Homology modeling and molecular dynamics study of the interactions of SoxY and SoxZ: The central player of biochemical oxidation of sulfur anions in Pseudaminobacter salicylatoxidans

Abstract

Microbial redox reactions of inorganic sulfur compounds, mainly the sulfur anions, are one of the vital reactions responsible for the environmental sulfur balance. These reactions are mediated by phylogenetically diverse prokaryotes, some of which are involved in the extraction of metal ions from their sulfur containing ores. The sulfur oxidizing gene cluster (sox) of α- Proteobacteria comprises of at least 15 genes, forming two transcriptional units, viz., soxSR and soxVWXYZABCDEFGH. SoxY is known to be a sulfur covalently binding protein, which binds sulfur anions to form the first covalently bound sulfur adduct in the novel global sulfur anion oxidation cycle. SoxZ, a sulfur compound chelating protein, binds to SoxY forming a complex to which SoxB, a sulfate thiol-esterase binds and ultimately cleaves the sulfur adduct.
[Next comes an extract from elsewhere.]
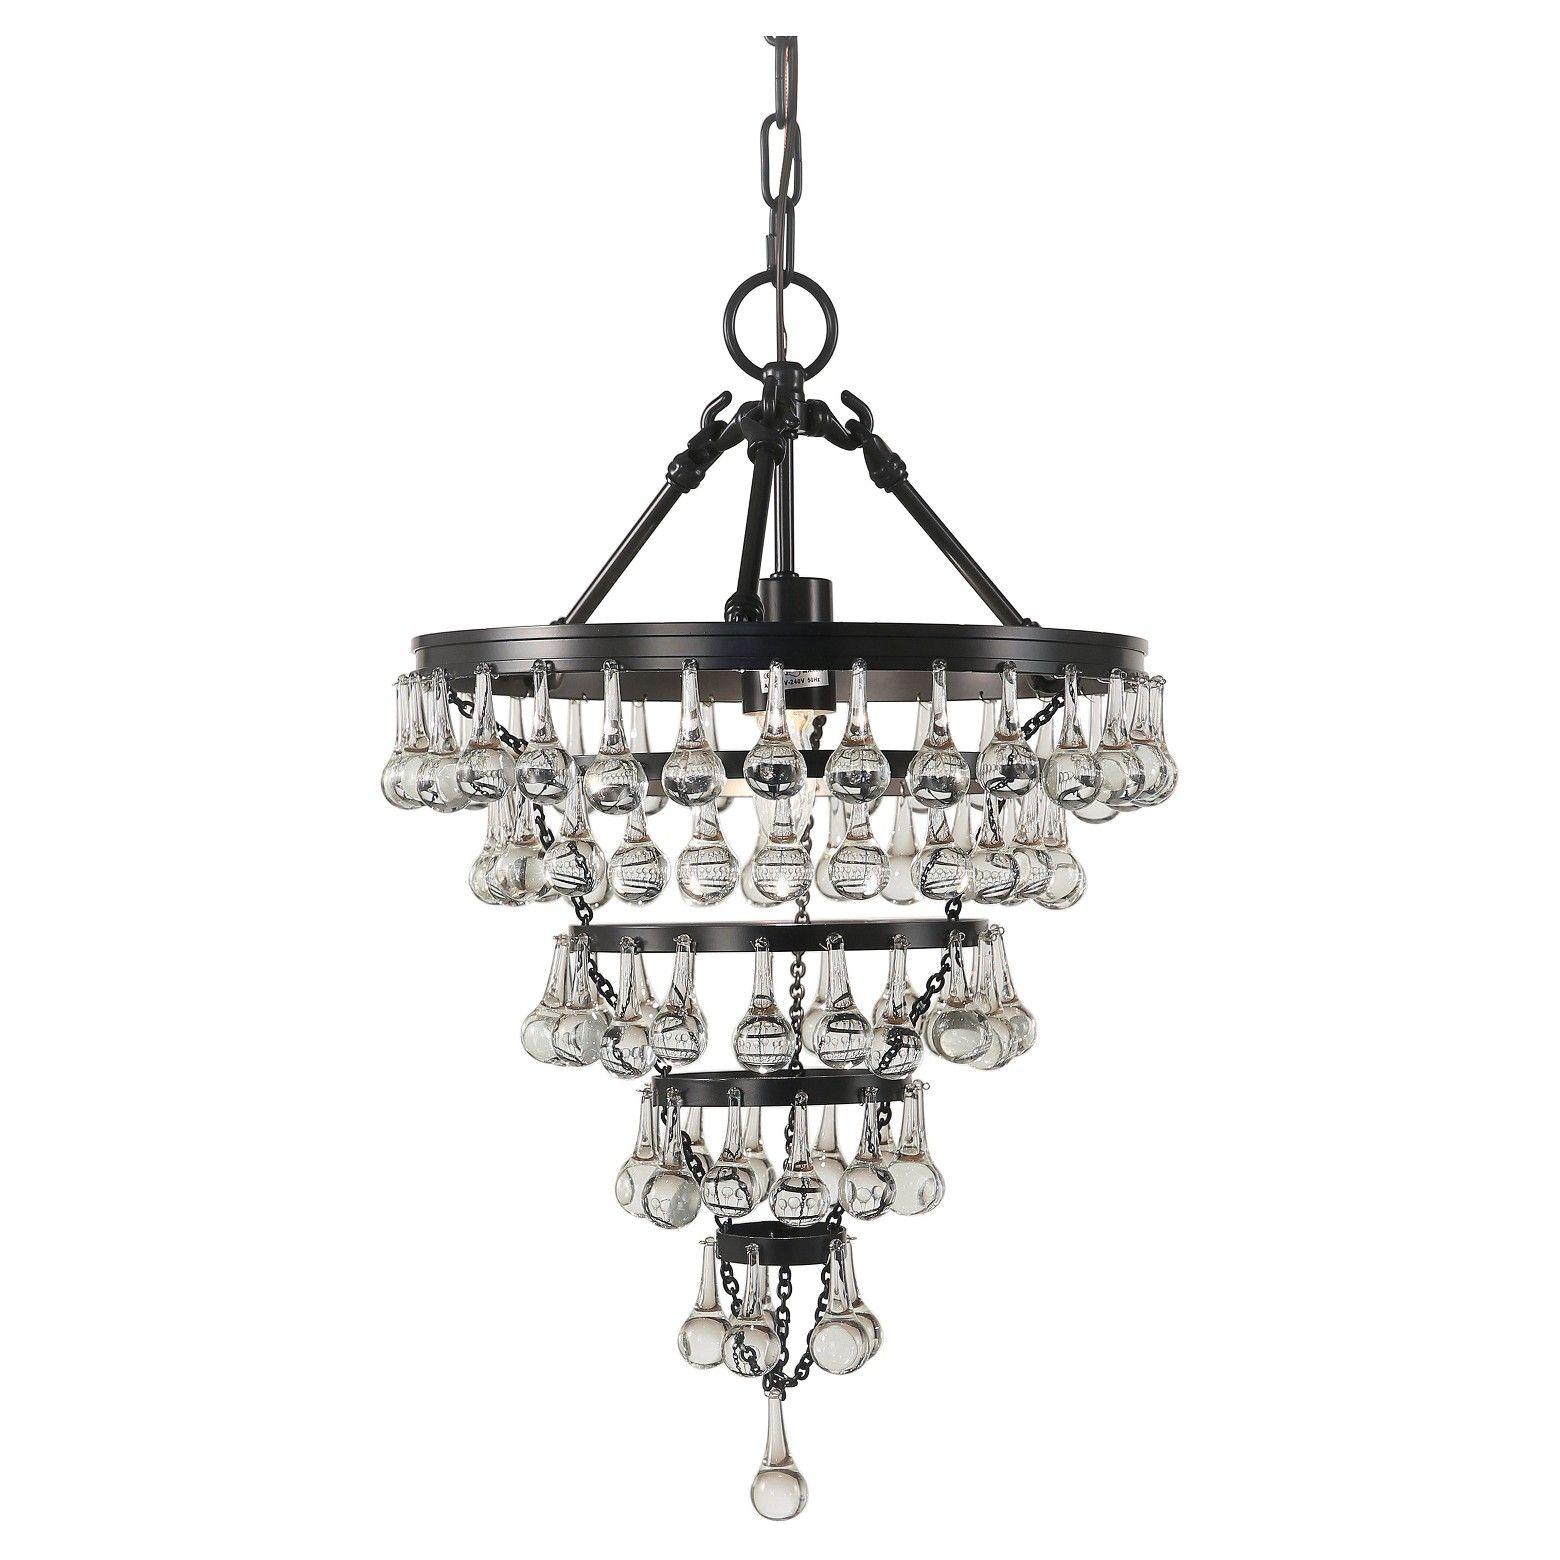 Claire crystal tear drop chandelier abbyson gray chandeliers claire crystal tear drop chandelier abbyson gray arubaitofo Images
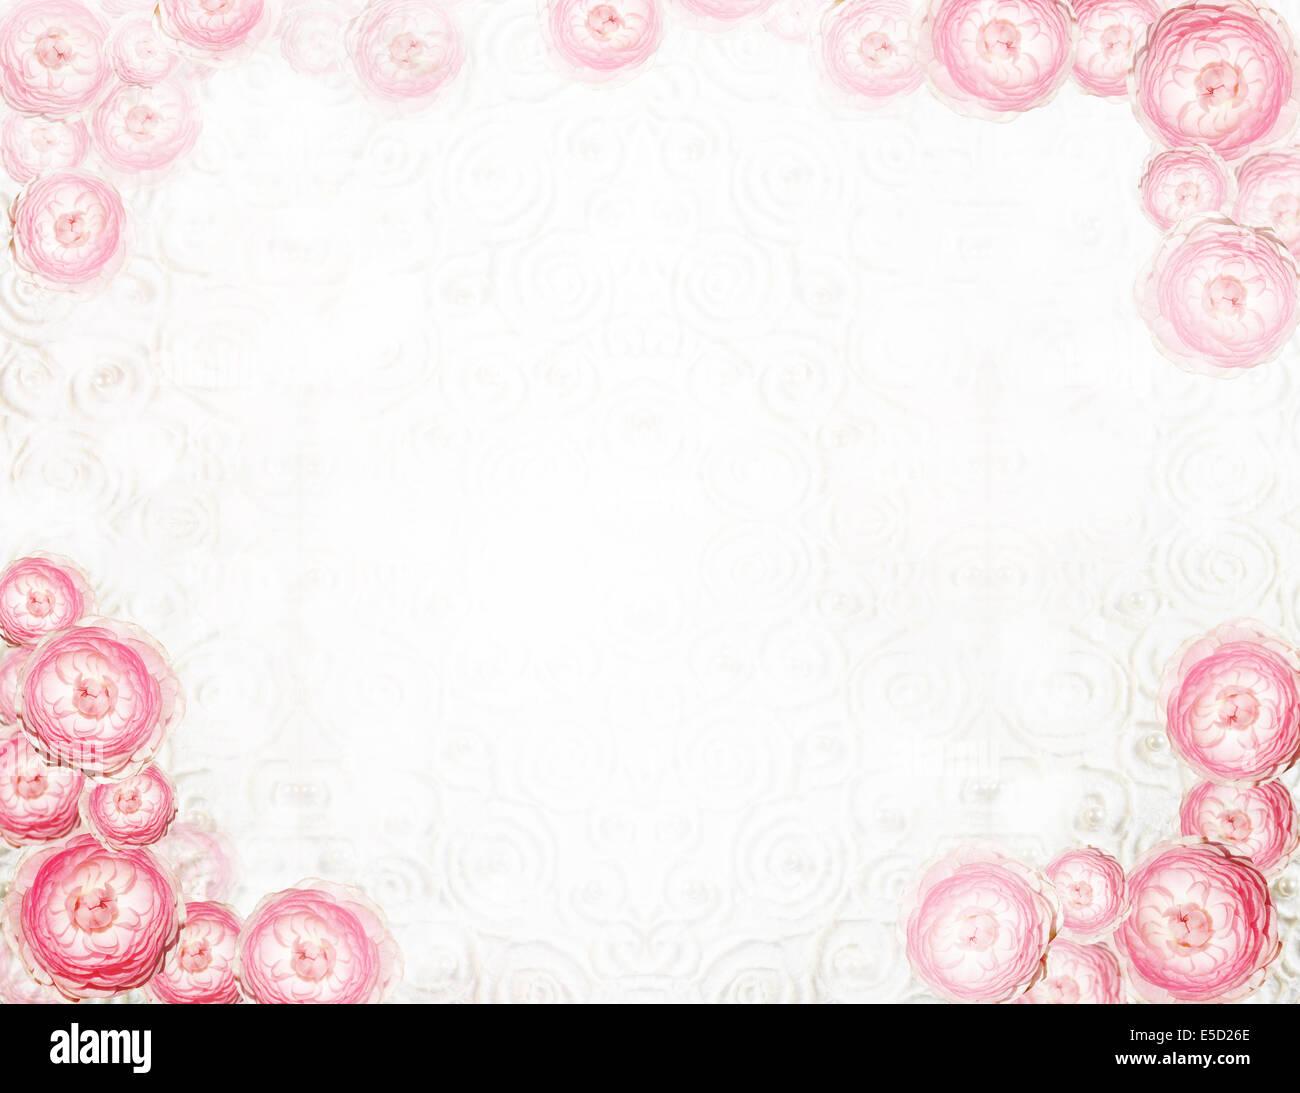 Anordnung. Abstrakte festliche Blumenkarte Stockbild

We employed homology modeling to construct the three-dimensional structures of the SoxY and SoxZ proteins from Psedaminobacter salicylatoxidans. With the help of docking and molecular dynamics studies we have identified the residues of SoxY and SoxZ involved in the interaction. The probable mechanistic details of the interactions of the SoxYZ complex in the binding of sulfur anions are also established. Present study provides a rational basis to illustrate the molecular mechanism of the biochemistry of sulfur anion oxidation reactions by these ecologically important organisms.